Lectins are a large class of carbohydrate-binding proteins found in all forms of life, including the human body. Dietary lectins are found in all foods, but only about 30% contain them in significant amounts. Humans are vulnerable to the toxicity of these lectins. Concentrated amounts can cause digestive issues and long-term health problems, including autoimmune disorders. The largest concentrations of lectins are found in grains and the legume family (including beans, soybeans and peanuts), although dairy, eggs, and plants in the nightshade family (like potatoes) also contain lectins and can be problematic for those individuals with autoimmune or digestive problems. These small compounds can begin to bio-accumulate in the body not only causing damage to the gut lining, but also negatively impacting hunger signals (meaning that you still may feel hungry after consuming an adequate amount of calories). It also doesn’t help that these are high glycemic foods (foods that turn into sugar more quickly).
The two classes of lectins that are known to be problematic for human health are prolamins (gluten is a prolamin) and agglutinins (found in wheat germ, kidney beans, and soy). The agglutinins are able to make our red blood cells clump together (or agglutinate). Once these proteins enter the body, they interact in a big way with the immune system and typically stimulate inflammation, however the adaptive immune system can also be impacted.

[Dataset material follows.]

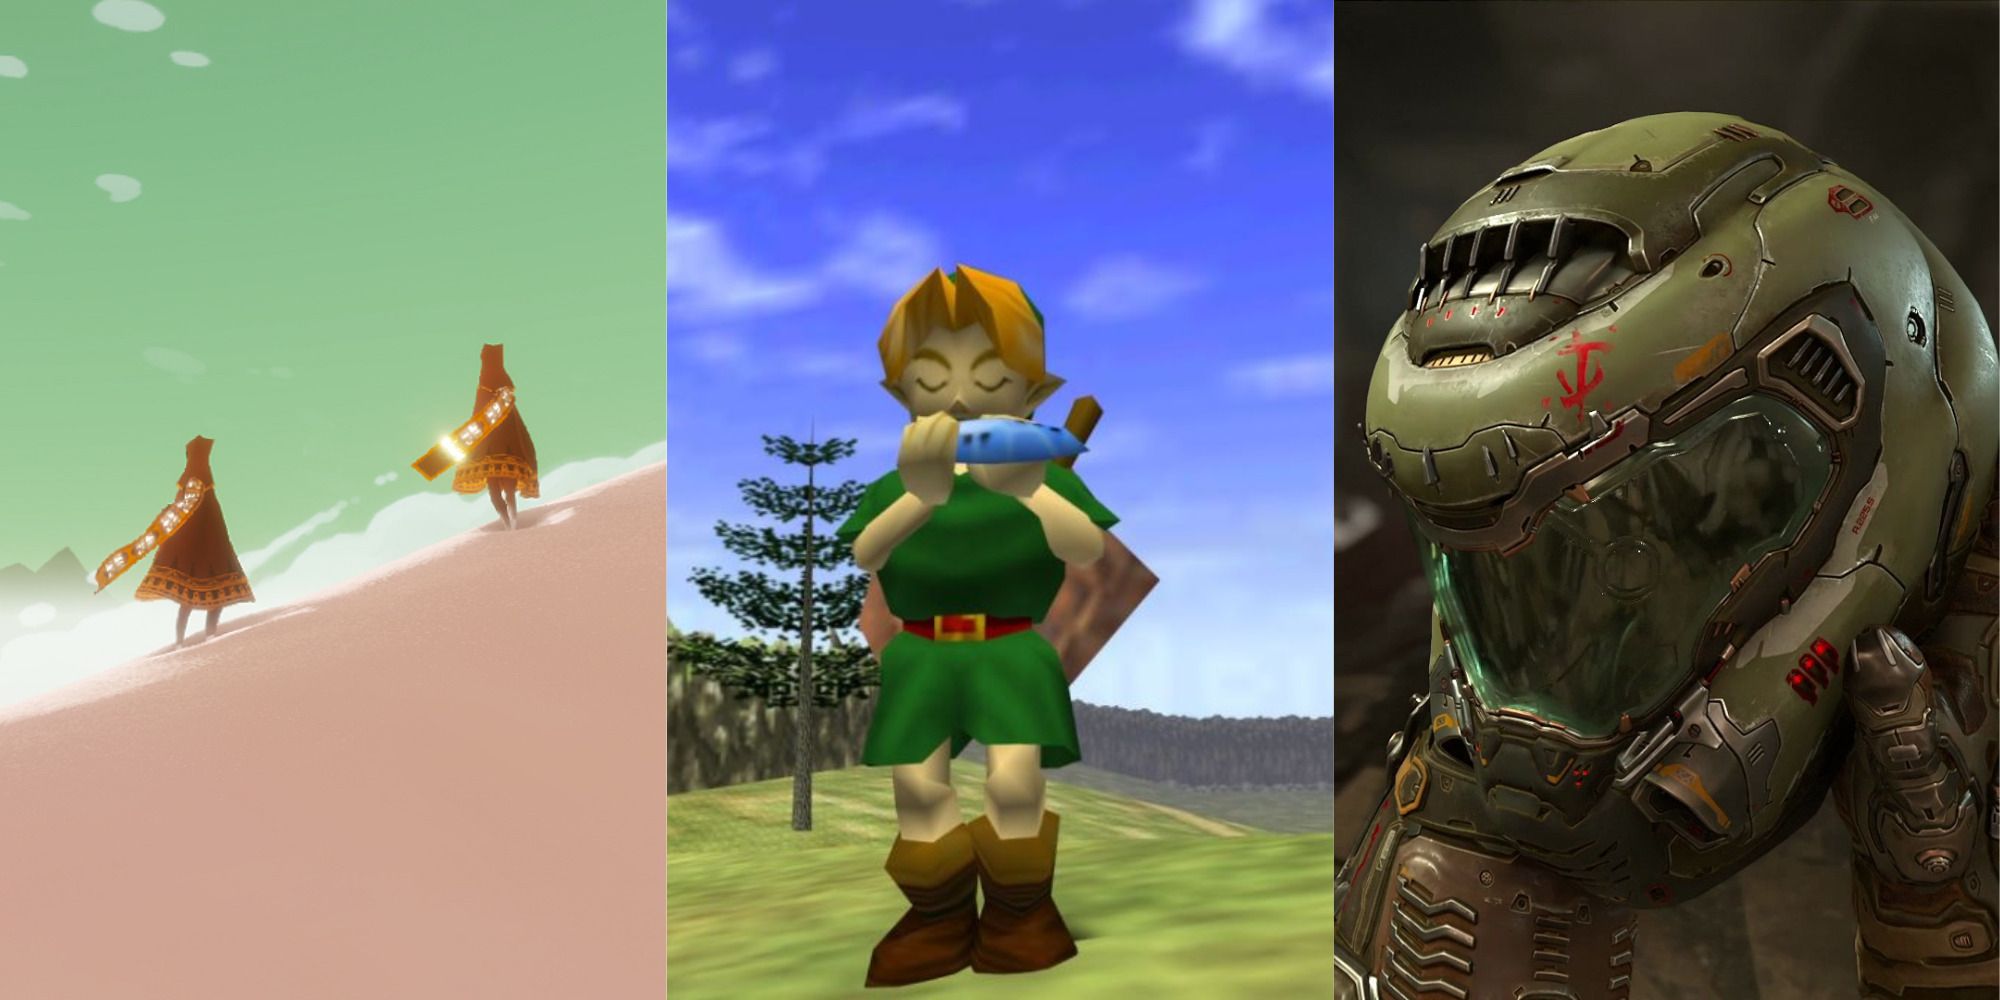 Featured image including characters from Journey on a dune, Link playing the Ocarina, And Doomguy holding his helmet

Different Types of Lectins
Some lectins, like those found in wheat, bind to specific receptor sites in your gut lining and interfere with nutrient absorption across your gut wall and into your blood. C-reactive protein, a marker of inflammation, is an example of a lectin you have circulating in your body right now. Lectins are also used to determine blood type. They trigger inflammation, stimulate a hyperimmune response, and increase the thickness or “stickiness” of your blood.
The Wheat Lectin
The wheat lectin, in particular, is largely responsible for many ill effects on the human body. It’s important to remember that all seeds of the grass family (rice, wheat, spelt, rye, etc.) are also high in lectins. Wheat lectin can potentially damage your health in the multiple ways:
- Pro-inflammatory – it stimulates pro-inflammatory chemical messengers
- Immunotoxic – has the potential to bind to and activate white blood cells
- Neurotoxic – has the ability to pass through your blood-brain barrier and attach to the myelin sheath (protective coating of your nerves).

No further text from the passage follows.